CVH recently implemented a MEDSEEK Web solution which facilitates various healthcare organizations to support vendor-neutral and enterprise-wide system interoperability. Due to the regional programs at CVH, it was critical that all departments were able to share data amongst its providers. The goal was to be able to provide the same information sharing capabilities among various healthcare facilities, nation-wide, as well as reduce redundancies like test duplications due to missing or unavailable information. After implementing the federated portal, CVH saw an immediate improvement in both patient flow and medical care throughout the hospital. Today, patient-data is immediately available from any computer with Internet access, whether the disparate data actually resides at the two sites (Etobicoke and Brampton) of William Osler Health Centre (www.williamoslerhc.on.ca) or at the three sites (Oakville, Milton, Georgetown) of Halton Healthcare (www.haltonhealthcare.com). The population served by these portals exceeds one million people residing in Mississauga, Brampton, Halton Hills, and Oakville.
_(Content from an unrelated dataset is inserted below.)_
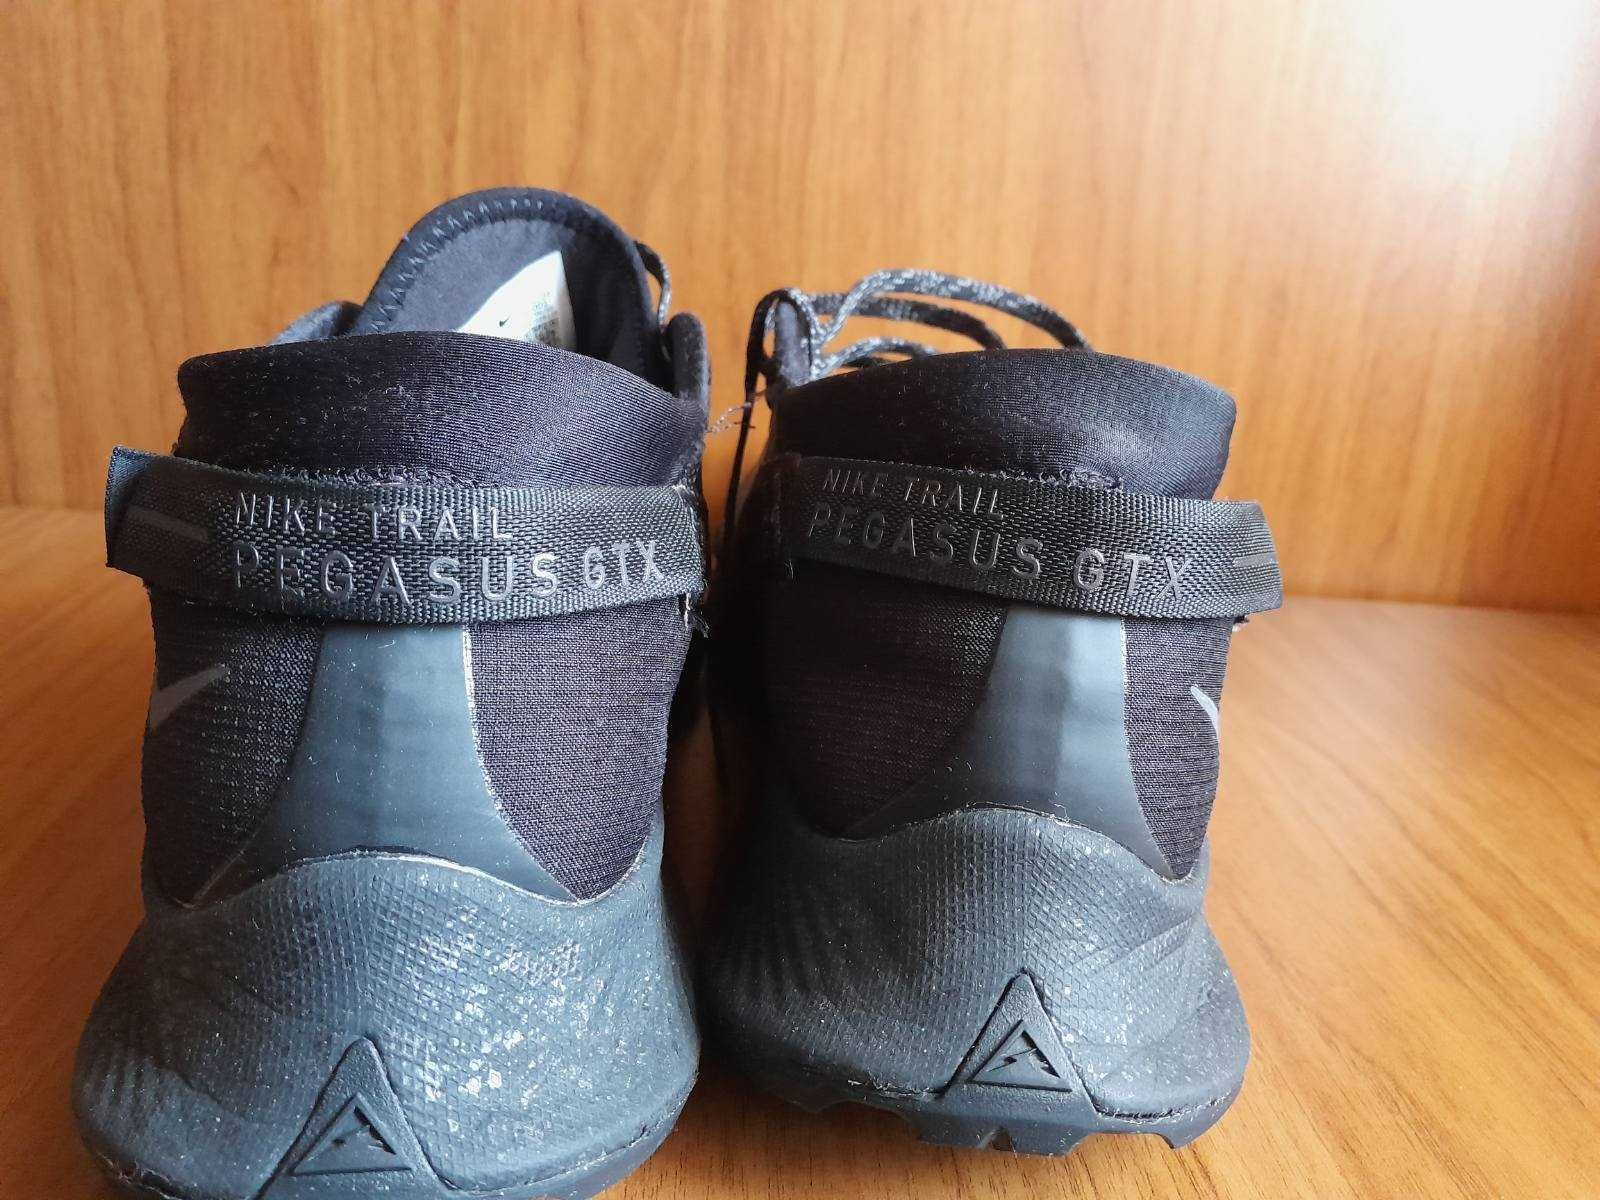 Nike trail pegasus gtx.gore-tex мембрана без следи от употреба-180лв

Agfa Healthcare’s Clinical Dashboard™ (powered by MEDSEEK) is the only proven federated portal model in the country that addressed CVH’s unique pain points in an efficient and cost-effective manner. The portal met the organizations rigorous selection criteria by offering superior software and services, clinical integration experience, and the ability to expand to future enterprise eHealth solutions. The combination of ease of use, real-time data access and enhanced clinical functionality enhances patient care and clinical excellence, while extending a virtual EHR. In addition, the solution was implemented in only 90 days – at a fraction of the cost for a centralized portal solution – which was vital.
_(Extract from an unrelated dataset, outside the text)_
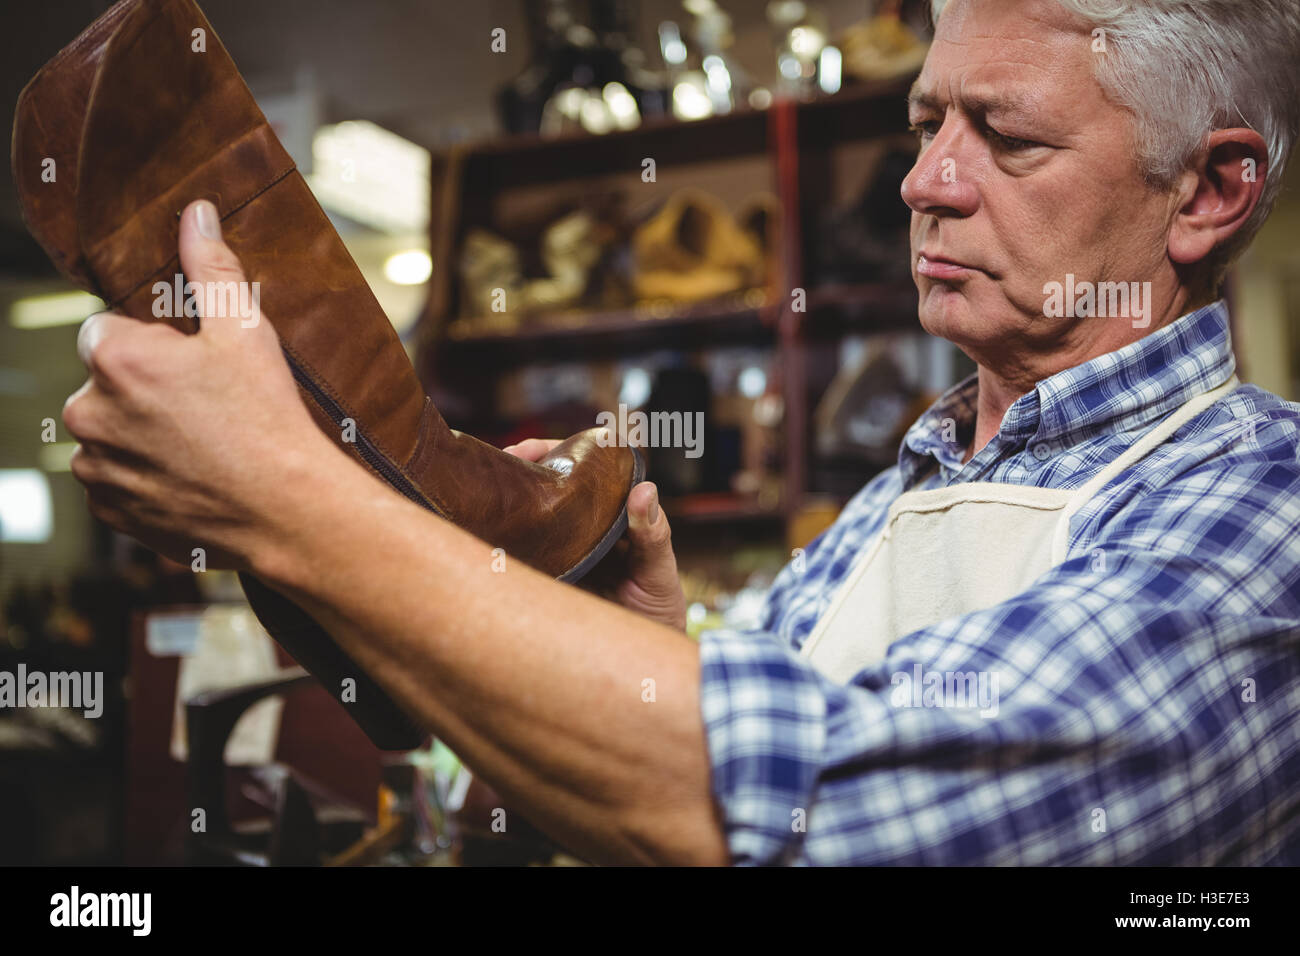 Shoemaker examining a shoe Stock Photo

Jeff Lamb, Executive Vice President of Sales at MEDSEEK confirms those sentiments: Enhanced integration functionality throughout a medical enterprise yields immediate operational efficiencies including reduced paperwork, improved communications, better workflow management, and stronger relationships among clinicians, patients and the community. For CVH specifically, having connectivity to William Osler and Halton Healthcare facilities, the portal provides a virtual medical record of all patient data across multiple LHINs. This not only improves physician efficiencies but also contributes to enhanced patient safety and care.

The federated portal solution evolves Canada’s healthcare delivery toward a more open, standards-based, patient-centric model, at a fraction of the time and cost of the centralized portal approach. CVH expects this solution to significantly reduce surgical and medication errors while making lives easier for staff. Additionally, as CVH expands its portal solution to support PDAs, the portal will become even more valuable as patients will be able to ask their physician specific questions and have results available immediately. Ultimately, however, the biggest winner is the Canadian patient and taxpayer.

There’s no argument about the need for a better way to access information, reduce medical errors and increase the quality of patient care, and that technology plays a critical role in making this happen. However, using technology the way it’s always been used is not the best approach for the kind of radical change needed. Through examples like CVH, it’s clear that interconnectivity and information-sharing between hospitals, LHINs, and even across provinces is a reality, and can significantly benefit from a new, “federated” way of thinking.